Who is Åsa Sonjasdotter?

Åsa Sonjasdotter.
I am an artist, researcher, writer and organizer who grew up in the city of Lund and on the island of Ven in Skåne where I still live, as well as I live in the city of Berlin, where I have been active in the community garden Prinzessinnengarten for about ten years. The experiences from my upbringing in the country made me interested in ways to include more-than-human relations into my artistic practice, especially the way they take shape within agriculture. An interesting detail about agriculture is that its central to many human cultures, not least the Western. At the same time, cultivation is difficult to locate within modern knowledge systems. Cultivars – cultivated life forms such as vegetables, cereals, pets, etc., are not really explained in modern, Western philosophy, where a distinction is made between the natural and the artificial world. Cultivars are neither completely natural nor completely artificial, but rather something in between, or beyond, these distinctions. I am also fascinated by the way cultivated life forms respond to the human intervention of breeding by literally bursting out in an abundance of expressions in form, color and taste. This is so very surprising, and I wonder if the term ‘domestication’ is appropriate here, or if the abundance in aesthetic expressions is a sign of that something far more sophisticated is going on?
Tell us about your book!
The book “Peace with the Earth: Tracing Agricultural Memory, Refiguring Practice” tells stories of three staple crops as they have been grown on the island of Gotland, in the Baltic Sea, at various times throughout history.

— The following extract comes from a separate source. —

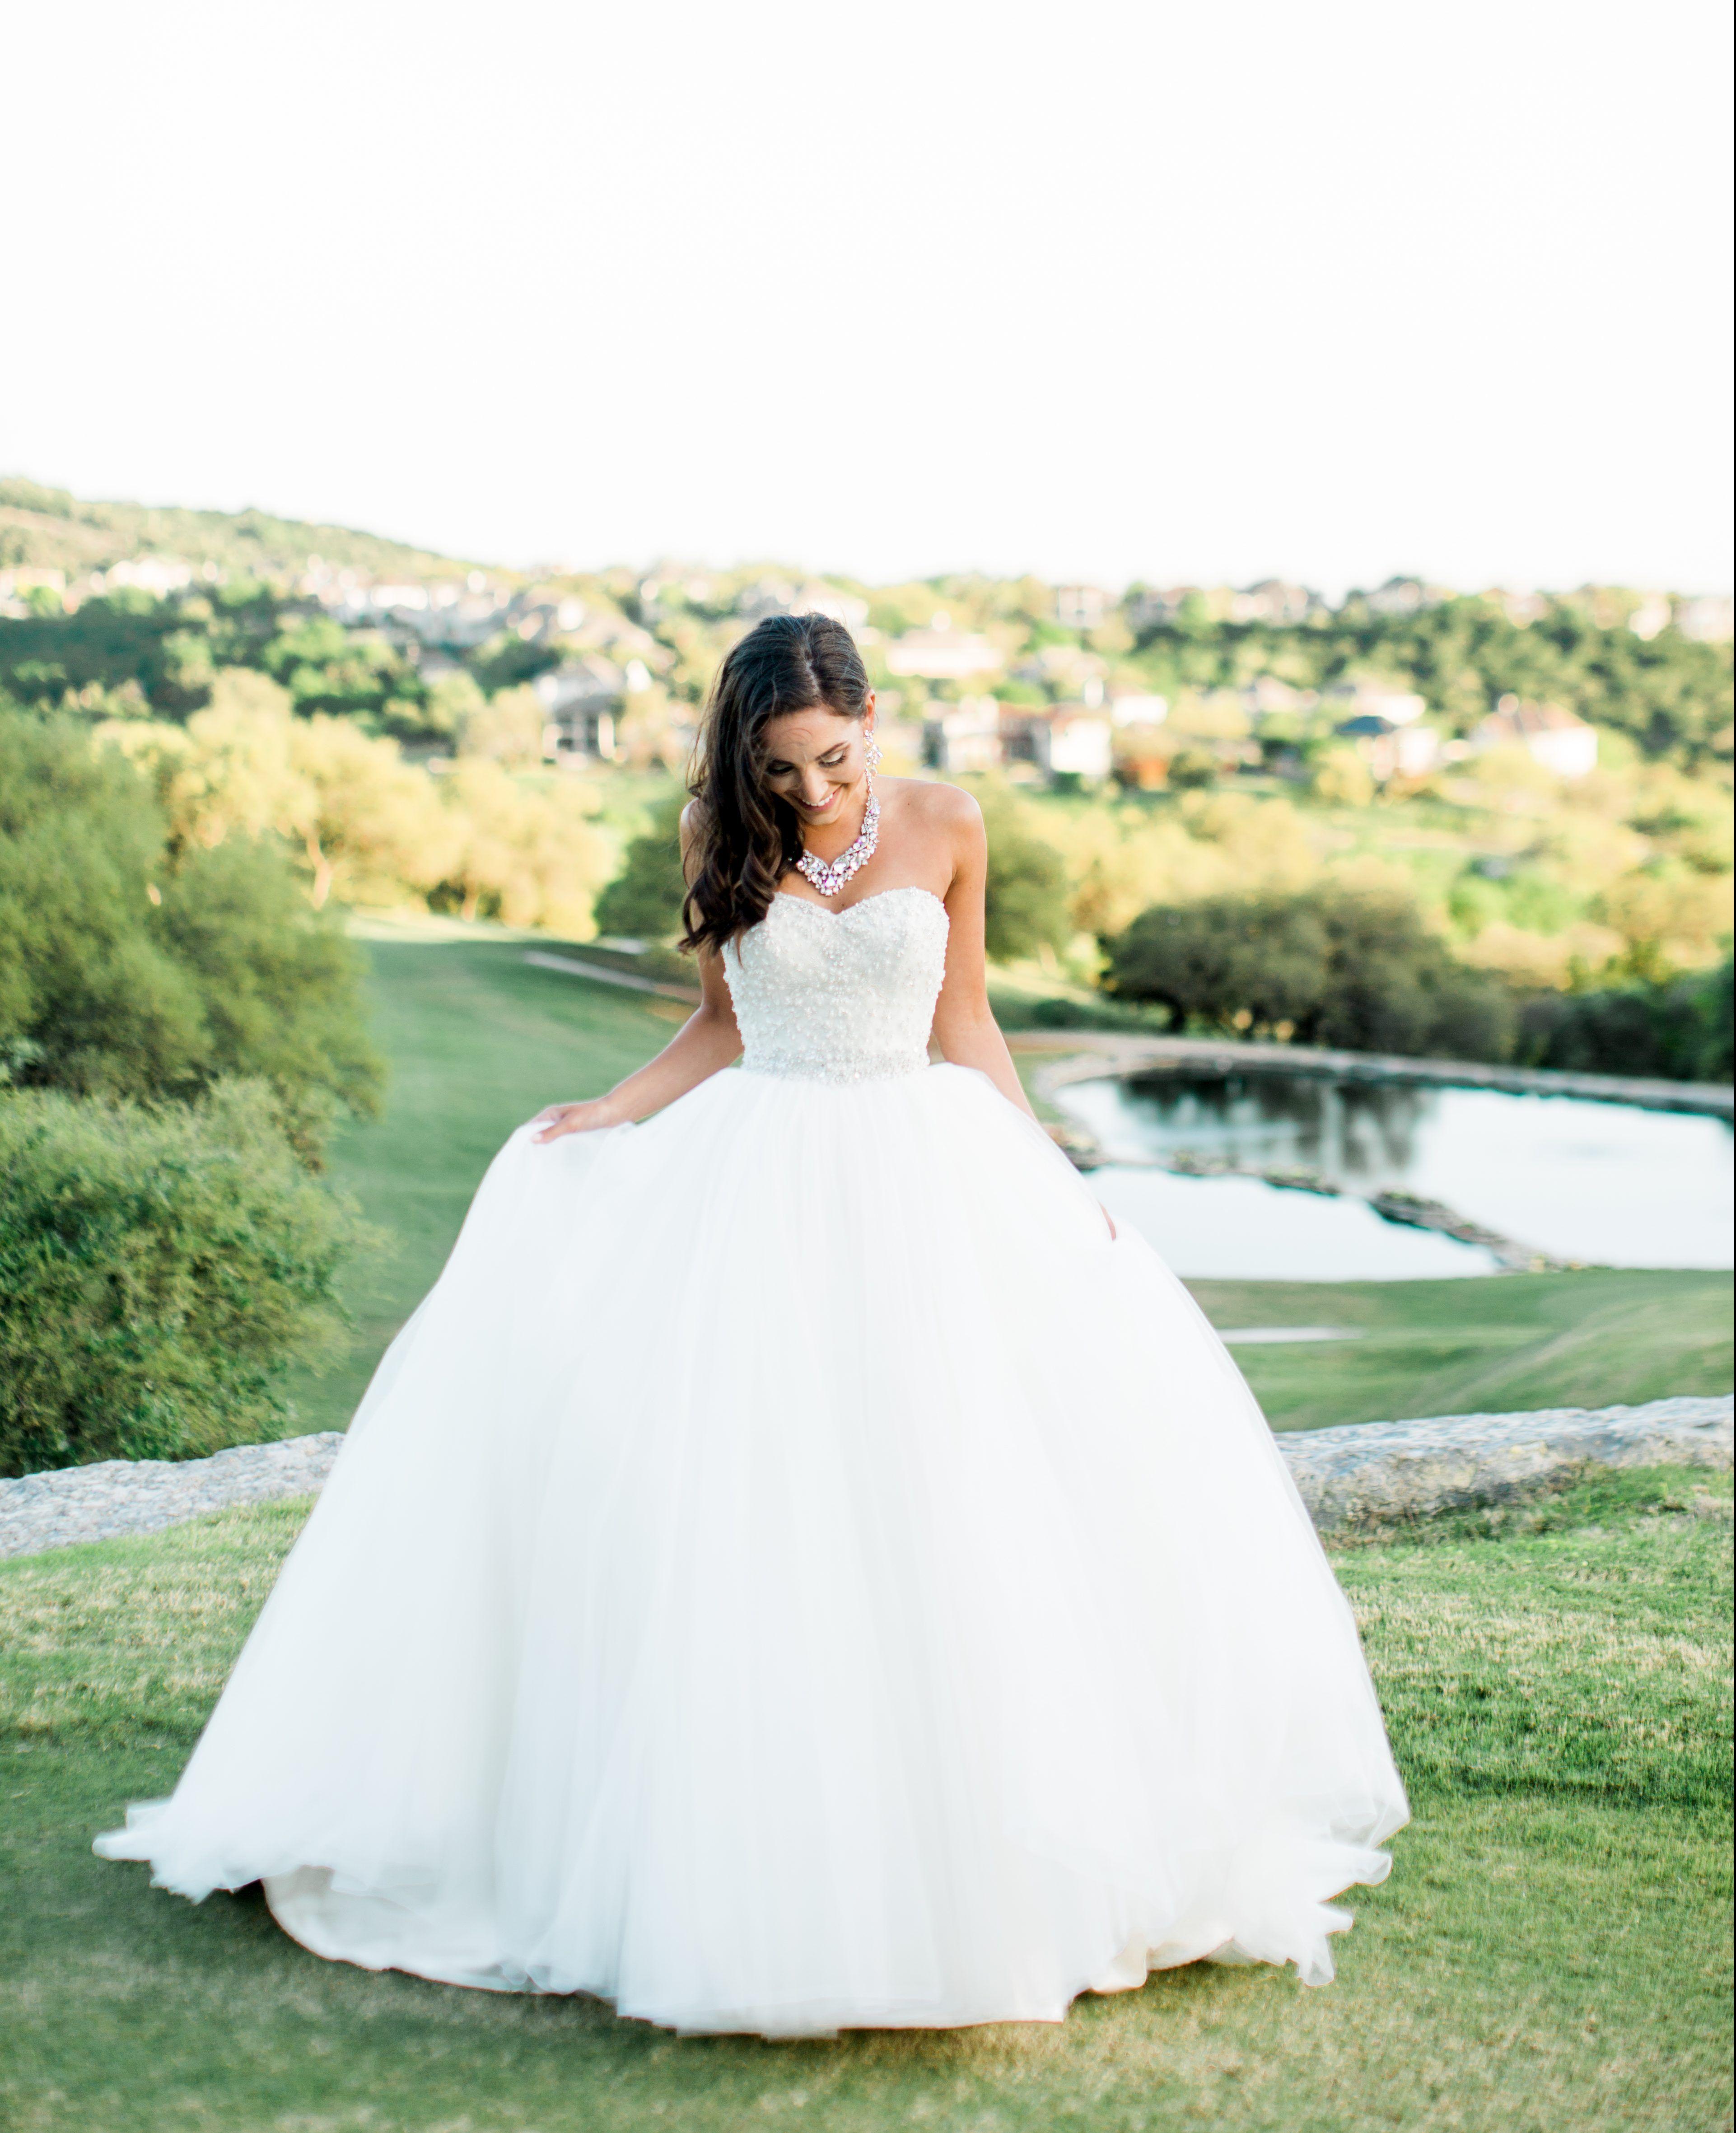 Brides in Austin, TX Justin alexander bridal, Wedding

I was lucky to be able to carry out the research thanks to an institutional collaboration between the Baltic Art Center in Visby, Gotlands Museum and Konstfrämjandet Gotland as well as with funding from The Seed Box. I was invited as an artistic researcher at Gotland’s Museum during the year of 2018, where I was able to study the institution’s archives and collections in search for remains that carry memory about the island’s special history of cultivation, as well as I learned from the rich memory maintained by people and stored in the landscape.

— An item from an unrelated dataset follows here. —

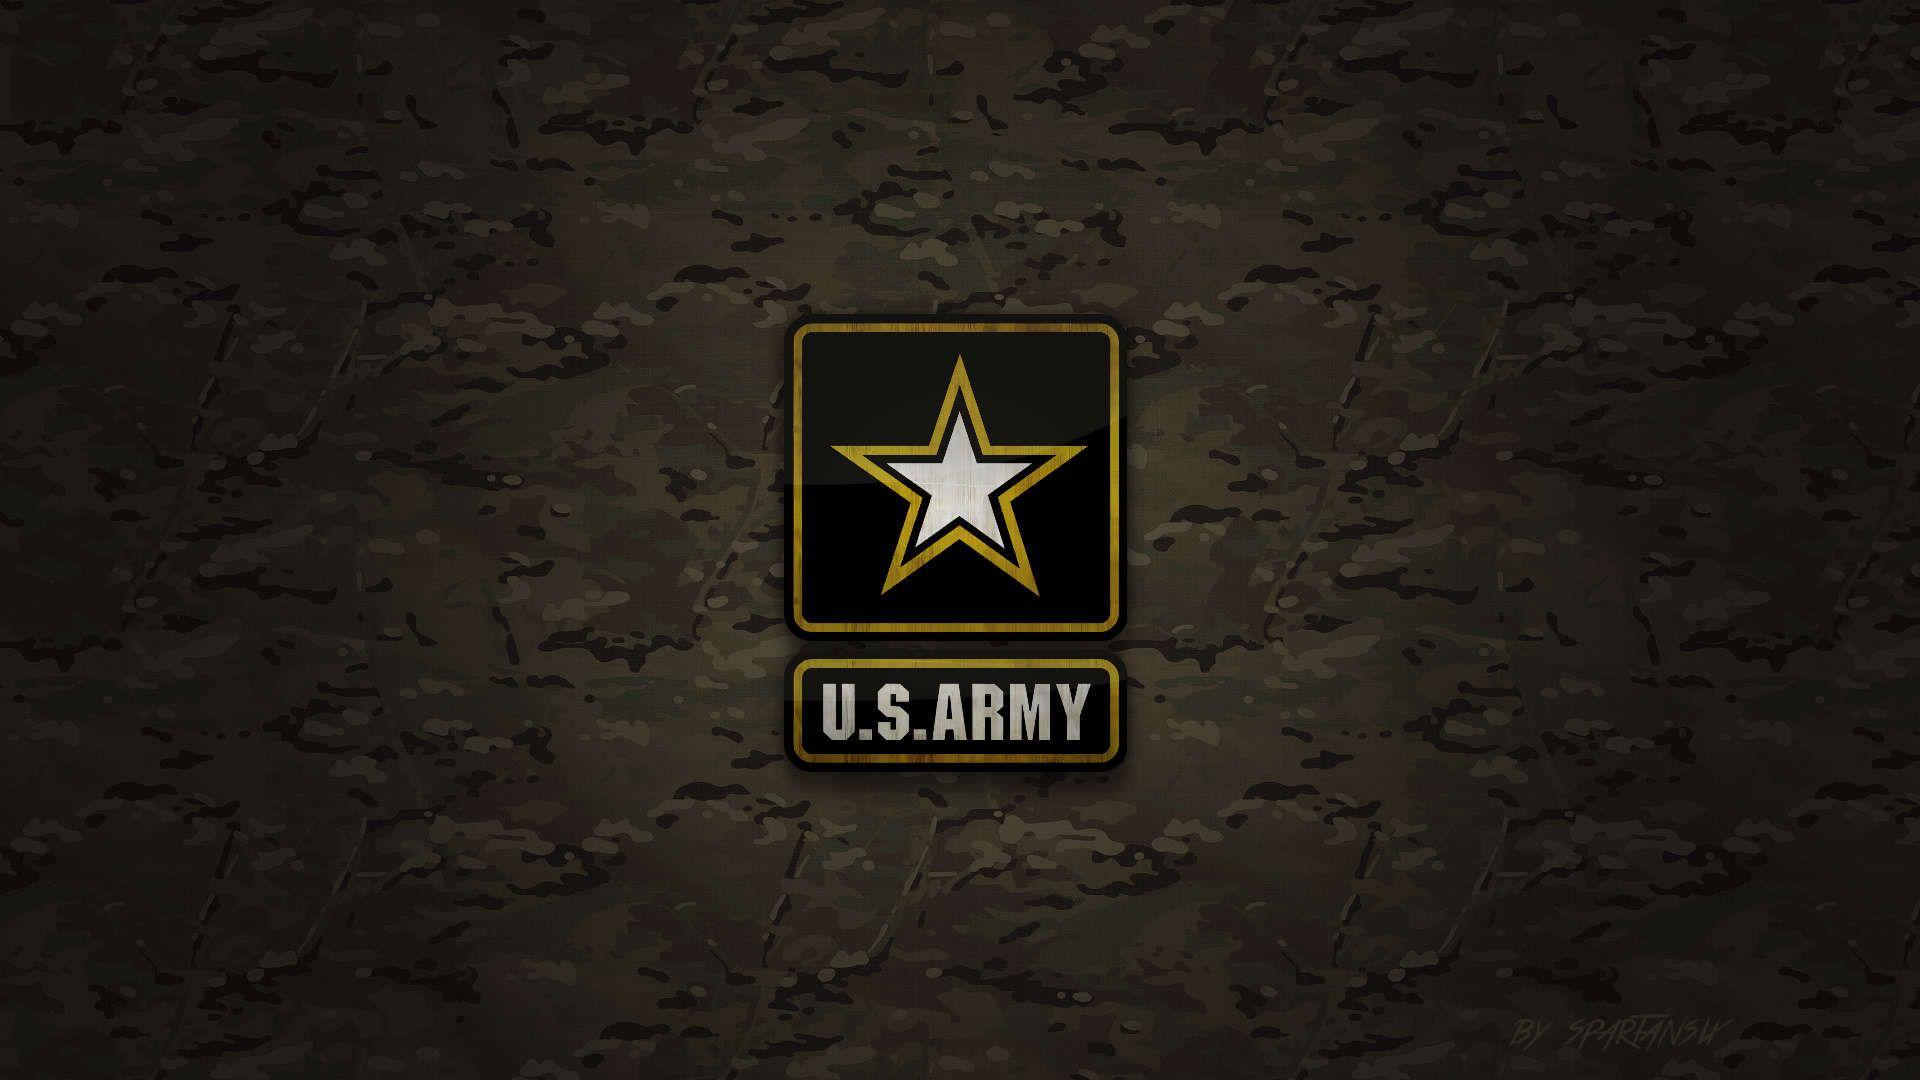 us army wallpaper o us army wallpaper HD

Based on this research, I built stories based on three central crops; emmer grains, potatoes and turnips. All three crops have a unique and special history for the island, at the same time as they have great nutritional and culinary qualities.
The three crops were propagated at the Bunge open-air museum on Gotland. I presented the history of the crops and their potential in an exhibition at the Gotland Art Museum, where objects from the collections were combined with quotations from historical and contemporary sources. Visitors could bring seeds, grains and tubers from the crops, for further cultivation in gardens and fields.

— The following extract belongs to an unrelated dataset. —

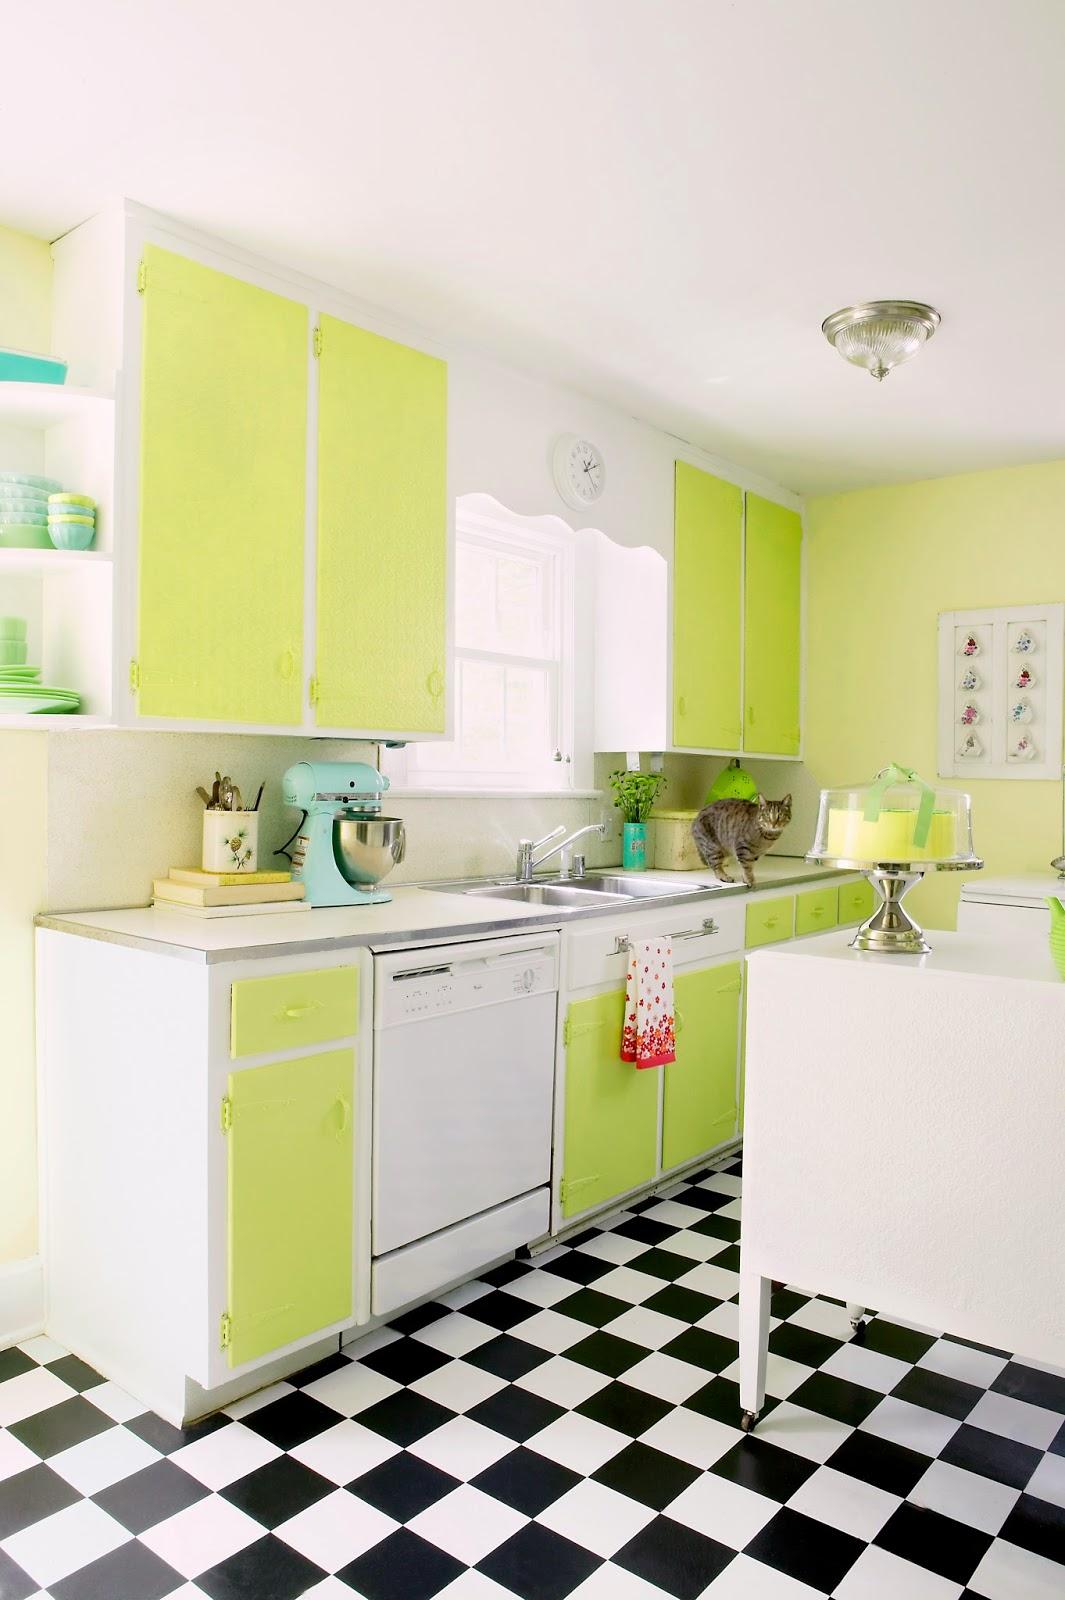 piso-xadrez-na-cozinha-colorida

The project was carried out in response to the Swedish suffragettes, ecologists and peace activists Elisabeth Tamm and Elin Wägner’s pamphlet ”Peace with the Earth” (Fred med Jorden), published in Swedish in 1940. (An English translation is published at Archive Books in 2020). The appeal was perceived as regressive when it was written, but their analysis has proved to be correct. The challenge to find sustainable forms of cultivation and relations with the Earth has not been solved by the industrial agriculture, the opposite is unfortunately the case. Industrial farming has in a very short time contributed to an insect extinction as well as to grave soil depletion.
In my in-depth research on Gotland, I found out that in older times, it was the kitchen garden in combination with gleaning that most often helped the farming family survive throughout the year, as a large part of the grain harvest and livestock surplus left the farm in the form of taxes. The role of the kitchen garden on the farm is not documented to any appreciable extent, yet it often formed the family’s basis for survival. According to sources, it was often children, the elderly and the women of the farm who took care of this part of the cultivation. The question of its fertilization is interesting: was it nurtured by the household waste, including the human waste? It is well documented that the manure from the animals on the farm was used to manure the grain fields. If I were a farmer having to pay most of the grain harvest in taxes, I would have used the nutrient rich human waste to manure my kitchen garden. Human manure is up to five times richer compared to for example cow dung.
For a future sustainable cultivation system, gardening in various forms combined with sophisticated composting of all waste, the human waste included, appears as a sustainable model. Gardening yields up to five times per square meter compared to grains, so it’s as well a very efficient way to use farmable land. The emphasis on the overlooked possibilities of gardening combined with proper composting of human- and kitchen waste is my way of responding to, and bringing further, Tamm and Wägner’s appeal for how to live in peace not only on, but with, the Earth!